VAN DAG TOT DAGBOEK: 7 FEBRUARI 2011
Het was een genot om van Utrecht naar Harlingen te verhuizen.
Een eensgezinswoning aan een plein. Geen doorgaand verkeer en mooie tuinen en gemeentelijk gras, bomen en rozen. Op een plek stonden heel veel rozen. Gelukkig maar. Hierdoor werd het bijzonder lelijke ijzeren hekwerk aan het zicht onttrokken.
Op de oploop naar de Noord-Oosterdwinger (Provinciaal terrein, vandaar het hek) struiken en bomen. De laatsten stonden daar, gezien de omvang al jaren. Dit was een prachtig detail aan het plein en zomer en winter een lust voor het oog.

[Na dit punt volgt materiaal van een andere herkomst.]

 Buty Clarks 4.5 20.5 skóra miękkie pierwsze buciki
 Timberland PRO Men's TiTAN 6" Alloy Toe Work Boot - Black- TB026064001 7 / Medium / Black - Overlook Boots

Het was ook een el Dorado voor vogels, vlinders, insecten en stadsdieren, als de egel.
Kortom een plant- en diervriendelijk enclave.
Tot vorig jaar. Toen werden de rozenstruiken met de grond gelijk gemaakt. “Binnen een jaar zie je er niets meer van.”, was de reactie op mijn vraag naar het “Waarom”. Door dit onderhoud keken we nu weer tegen dat lelijke hek aan. Dat het allemaal nog erger kon besefte ik vorige week. Een groep mannen, bewapend met motorzaag en een verhakselaar, maakten korte metten met alle bomen en struiken aan de “Provinciale” kant. In een middag was alles omgezaagd, verhakseld of achteruit gelegd voor de open haard.
Wat er rest zijn stronken, versnipperd hout en een uitzicht op de schuttingen van de huizen op het Provincie terrein.
Maar was dit maar een uitzondering. Overal zie ik deze manier van denken en werken terug. Een proces waarin onze schamele natuur, langzaam wordt afgekloven en bijgeschaafd. De kwaliteit van mijn leefomgeving is drastisch verminderd.
In de 7 jaar, dat ik hier woon, zijn er in mijn directe omgeving tientallen bomen gekapt. Van herplant is geen sprake.
Helaas, heden is in de vroege ochtend de egel, verjaagd uit het struikgewas, door een auto overreden.